The elevator ride down was silent.
Elara stood with her arms crossed, her long black dress clinging to her curves from the heat of Zayne’s mouth, his teeth, his fingers — the way he had taken her again, shamelessly, against the penthouse wall not five minutes earlier. Her skin still tingled where he’d bitten her shoulder, not hard enough to break skin, but enough to make her whimper. Enough to leave a mark.
He hadn’t apologized. He’d looked her in the eye and said, “Mine.”
She should’ve laughed. Should’ve walked away.
But she didn’t.
Because when he said it, something inside her stirred — like a second heartbeat buried beneath her skin.
Now she stood next to him, lips still swollen, thighs pressed tight, and a raw ache deep between her legs.
The elevator stopped at the underground parking garage.
Zayne stepped out first, phone already in hand, barking orders at someone on the other end. He didn’t look at her. He didn’t need to.
The driver was already waiting beside a sleek black Bugatti. The kind of car you didn’t just buy — you earned. Or inherited through blood.
Elara slid into the passenger seat, pulling her long hair into a messy bun as Zayne slid behind the wheel. He didn’t speak again until they hit the road, the city a blur around them.
“I’m taking you home.”
Elara raised a brow. “What makes you think I want to go home?”
“You need rest,” he said flatly. “And answers.”
Her stomach clenched.
Answers? To what?
She turned to him. “Zayne… what happened last night?” she asked slowly. “That mark on your neck. It looked like…”
“Like what?” he asked, voice low.
She hesitated. “Like something not… human.”
He gripped the wheel tighter.
Elara felt the air shift. Not colder — thicker. Like the tension wasn’t between them anymore, but around them. Pressing.
Zayne pulled the car into a hidden turnoff off the highway, into a stretch of forest behind a private estate. The engine quieted. The only sound was her breath.
He turned to her. The playboy arrogance was gone. In its place was something else — raw. Wild.
“I wasn’t going to tell you this,” he said, voice rough. “But you’re not like other girls. I don’t know why, but… your scent—”
“My what?” she blinked.
Zayne exhaled, then suddenly reached behind his neck and yanked down the collar of his shirt.
The mark was still there — red, angry, glowing faintly.
Then, right before her eyes, it moved.
Elara gasped.
She leaned closer. “What the hell is that?”
Zayne held her gaze. “A blood bond.”
Her mouth parted. “That’s not real. That’s some fantasy bullshit—”
“I’m a werewolf, Elara.”
Silence.
Dead, deafening silence.
Then, she laughed. A single breathy sound. “Okay, I get it. This is a game. You take girls home, f**k them, and then tell them you sparkle in the moonlight—”
“I’m not a vampire,” he cut her off, eyes sharp.
“Zayne—”
“Touch it,” he whispered.
She hesitated, then slowly reached out, pressing a finger to the mark. It pulsed — warm and alive, as if it recognized her.
And suddenly, she couldn’t breathe.
Her chest tightened.

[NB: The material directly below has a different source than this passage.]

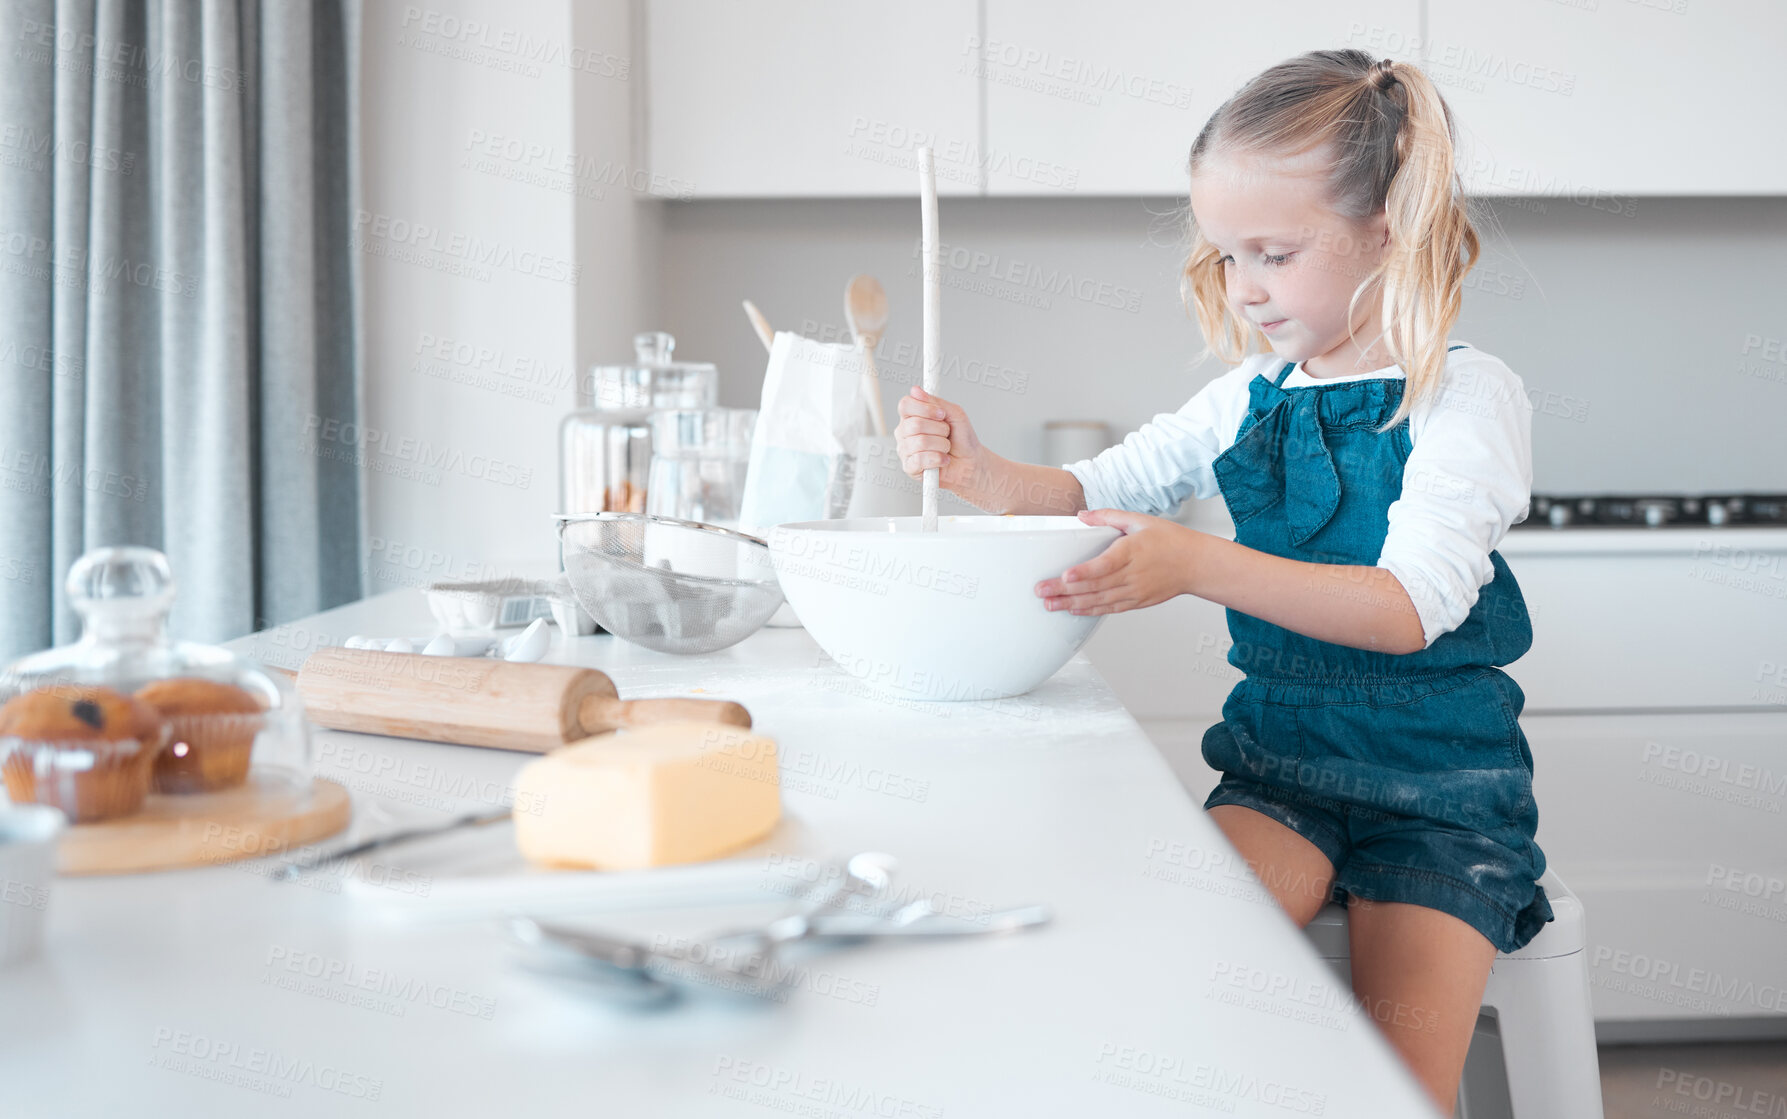 Buy stock photo Little girl mixing a bowl of batter. Young child baking alone in the kitchen. Little girl sitting at her kitchen counter. Caucasian girl holding a mixing bowl. Young child baking at home.

Her ears rang.
Images slammed into her head — a forest, a full moon, howls, blood on leaves, her own hands soaked in red, claws where her fingers should be.
Her own scream shattered the silence.
She fell back in the seat, gasping.
“What the f**k was that!?” she cried out.
Zayne leaned over, gripping her face gently, forcing her to look at him. His voice was gravel.
“You’re not dying, Elara.”
She blinked, dazed. “What?”
“The illness. The fatigue. The pain. That’s not sickness. It’s your body changing. Awakening.”
She stared at him, lips trembling. “No. No, I have a diagnosis. I’ve seen specialists. They told me—”
“They were wrong,” he growled. “They’re trying to treat you like a human. You’re not fully one anymore.”
The wind howled outside. Trees bent. Shadows shifted.
Elara’s hands were shaking. She clutched her chest.
“But… I don’t understand.”
Zayne nodded slowly, almost to himself. “I didn’t either. Not until I smelled you. I knew you were like me. Not turned — born. But suppressed.”
“Suppressed by what?”
He looked at her, gaze unreadable. “Someone didn’t want you to awaken. Maybe even used drugs to keep the wolf inside you… quiet.”
Elara’s eyes burned.
All the pain. All the confusion. The blood tests. The strange fevers.
It had never been cancer.
It had been her.
And now, she wasn’t just spiraling into death.
She was spiraling into something much more dangerous.